The administration’s calculation of a $1.4 trillion deficit tracks an estimate last week from the Congressional Budget Office that anticipated the data from the Treasury and the Office of Management and Budget. The actual deficit was slightly lower than each had expected in August, when the White House budget office projected a $1.8 trillion deficit and the Congressional office forecast $1.6 trillion.
The decrease from the earlier projections largely reflected updated accounting, including, Mr. Geithner said, the fact that “we are managing to repair the financial system at a lower cost to taxpayers.”
The Obama administration ultimately did not need additional billions it had budgeted for the effort. Also, several major institutions repaid their bailout money with interest, and other financial companies that have not are paying interest on their borrowings.
While many financial institutions have recovered — and prospered, as this week’s eye-popping earnings reports for JPMorgan Chase and Goldman Sachs showed — the persistent high unemployment, home foreclosure rates and credit needs of small businesses are keeping the White House and Congress focused on stimulating the economy. This adds to the deficit, rather than reduces it.
“It would be harmful to try to balance the budget at a time when the economy has not fully recovered and so many Americans are still struggling,” said Representative John M. Spratt Jr., Democrat of South Carolina and chairman of the House Budget Committee.
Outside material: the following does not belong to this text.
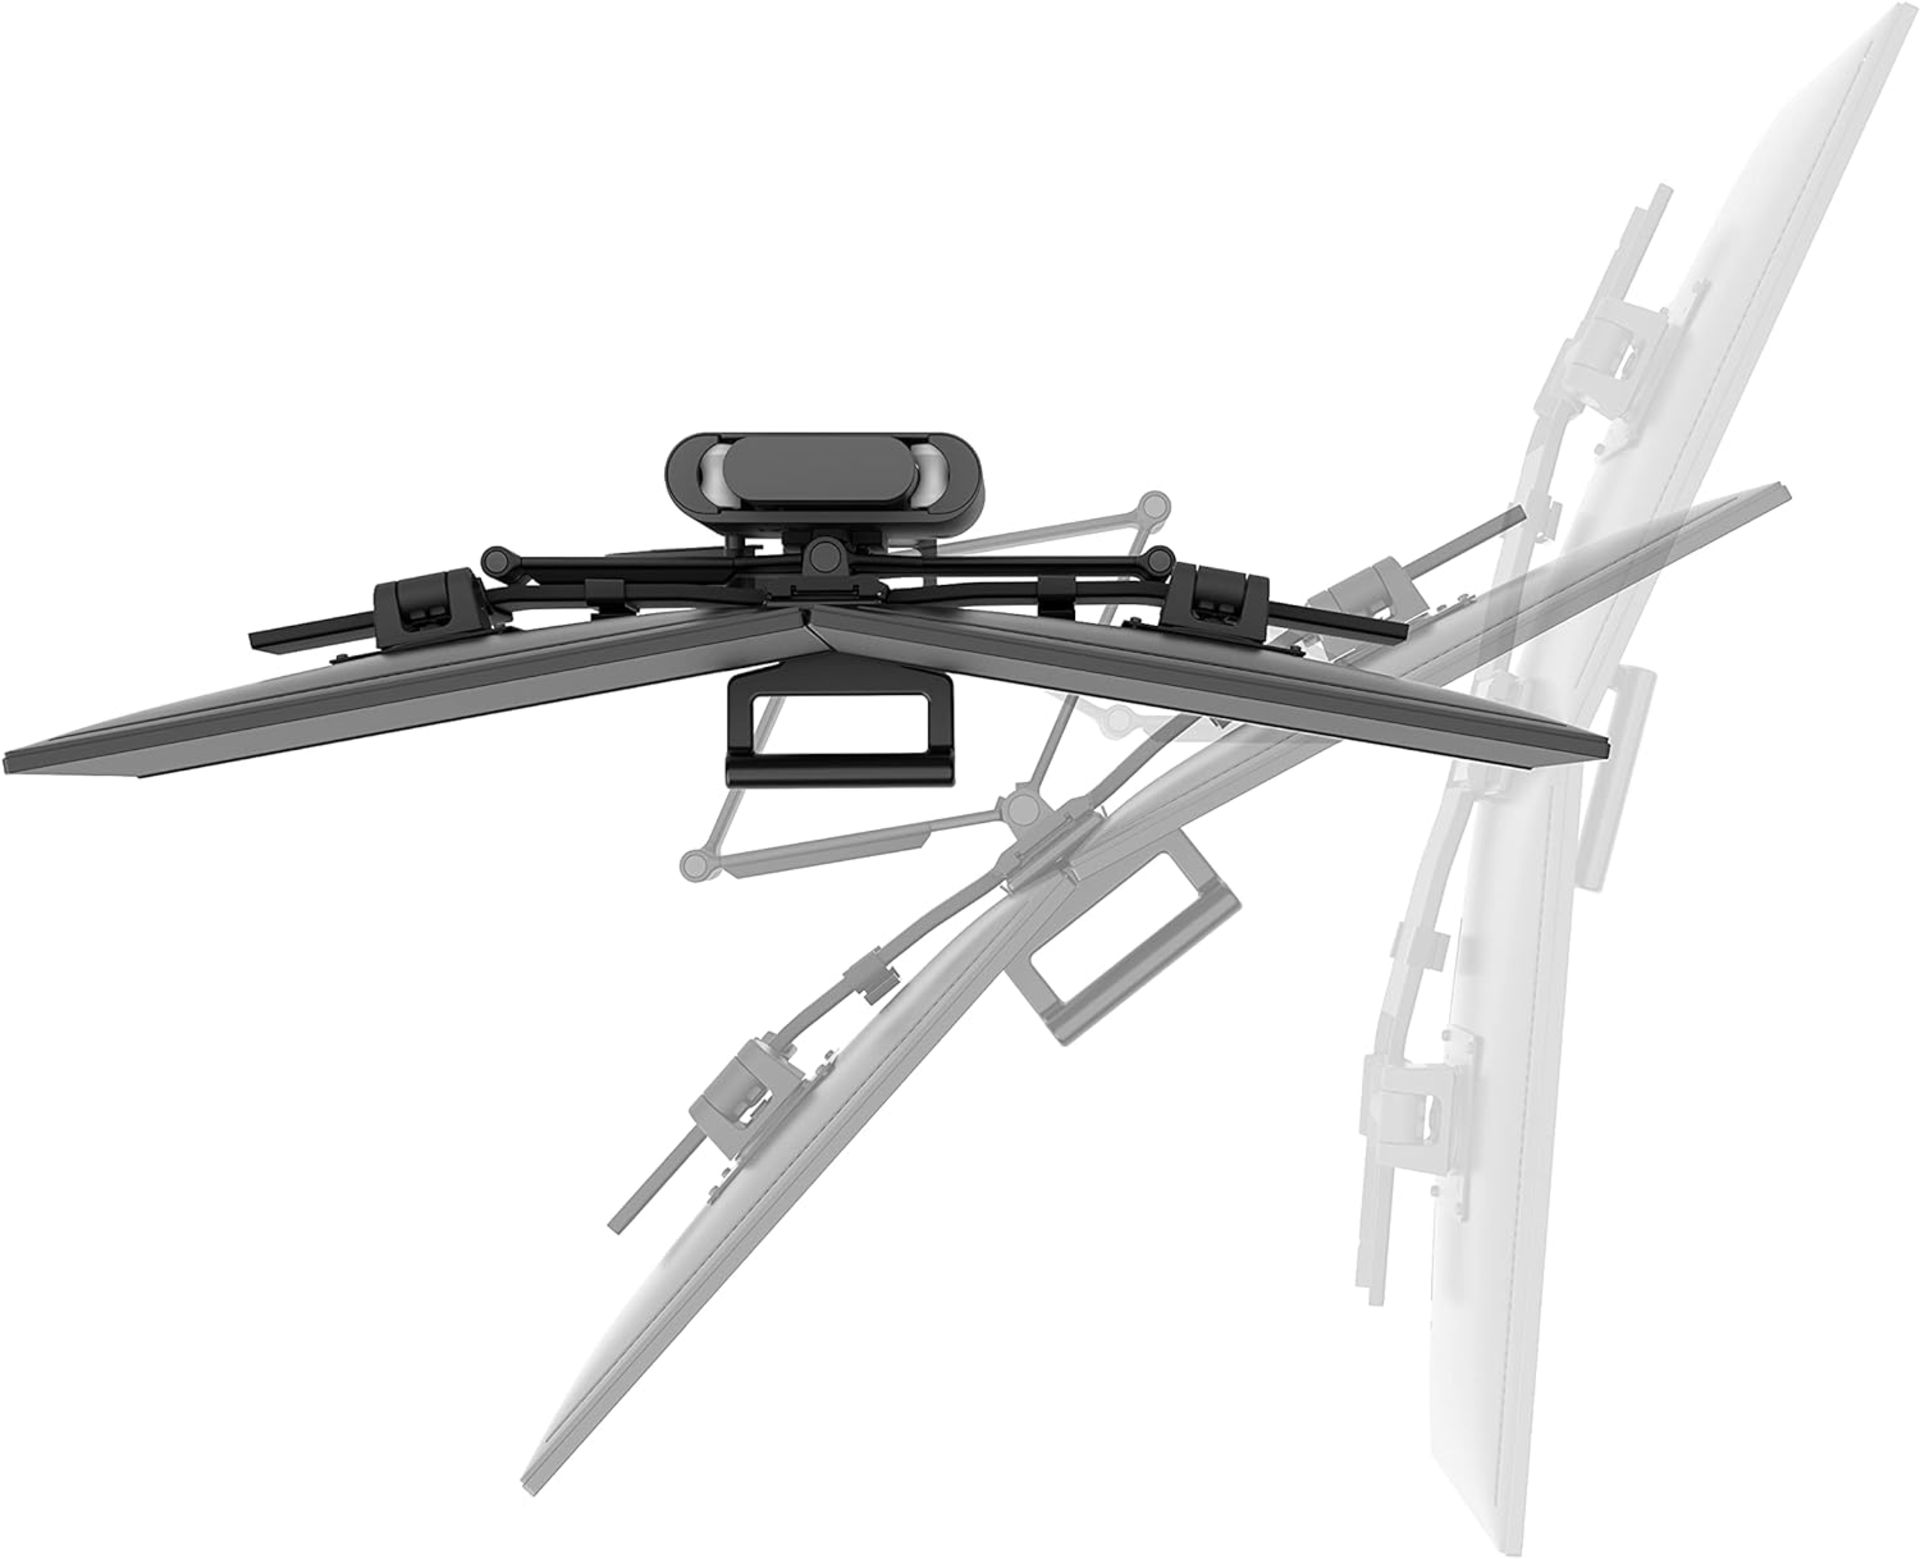 NEW & BOXED ERGOTRON Trace Dual Monitor Arm, VESA Desk Mount. RRP £417. for 2 Monitors Up to 27 - Image 3 of 8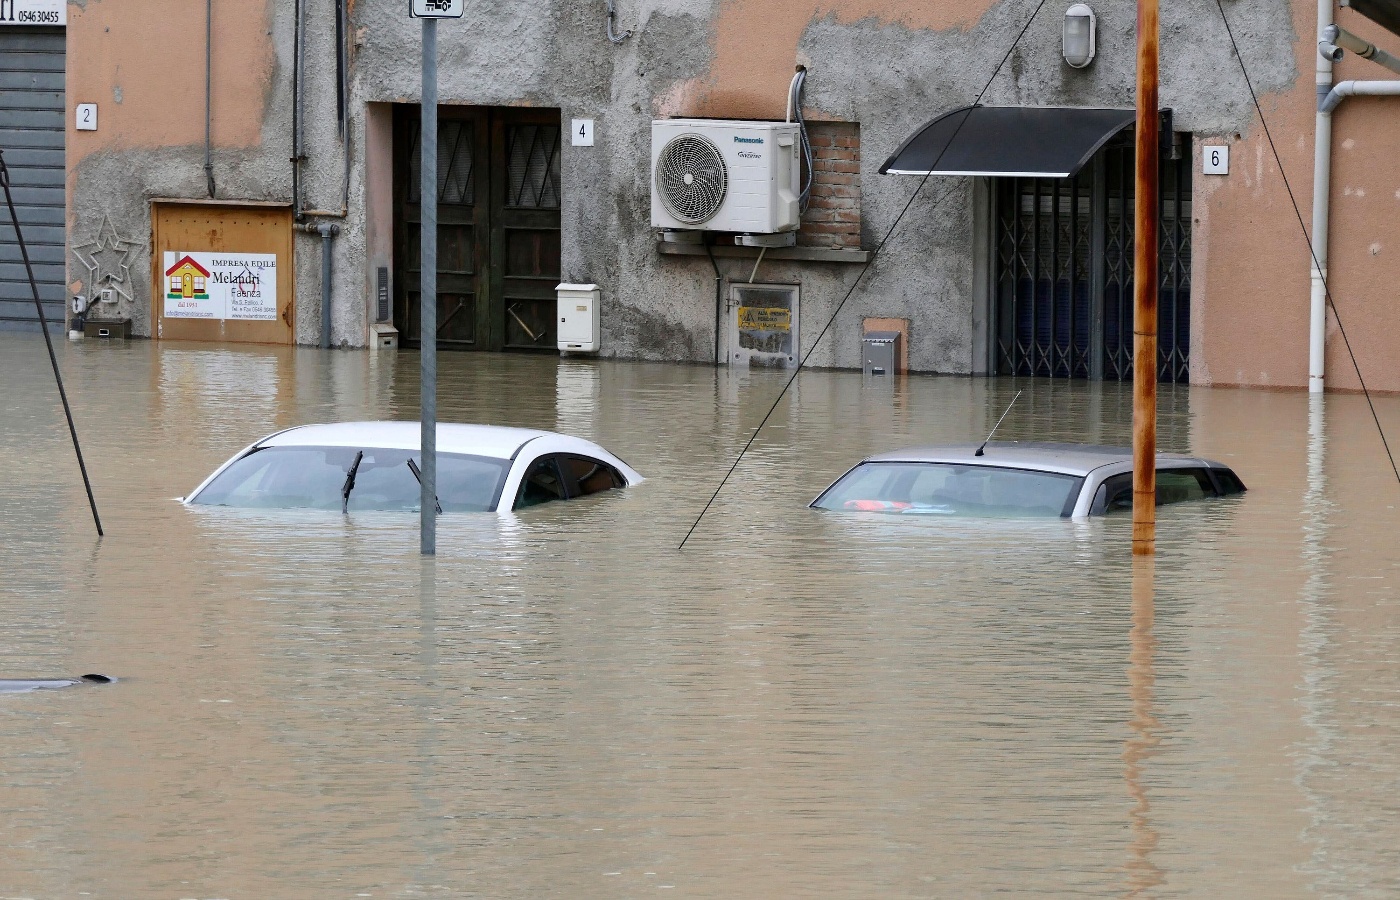 The Emilia Romagna region has been hit by heavy floods.

But on Friday, the deficit was front and center. The overall national debt, which is the accumulation of annual deficits, is nearly $12 trillion, and projected deficits for the next decade will add an estimated $9 trillion more. Administration officials say two-thirds of that is due to Bush administration policies — chiefly tax cuts, wars and the Medicare prescription drug benefit — not paid for with other savings.
“Today’s deficit announcement again highlights the fiscal mess handed to the Obama administration,” Senator Kent Conrad, Democrat of North Dakota and chairman of the Senate Budget Committee, said in a statement.
Representative John A. Boehner of Ohio, the Republican minority leader in the House, rejected that position. “It is irresponsible for Democrats to continue spending taxpayers’ money we don’t have to fund an agenda that would destroy the jobs we need to get our economy moving again,” Mr. Boehner said.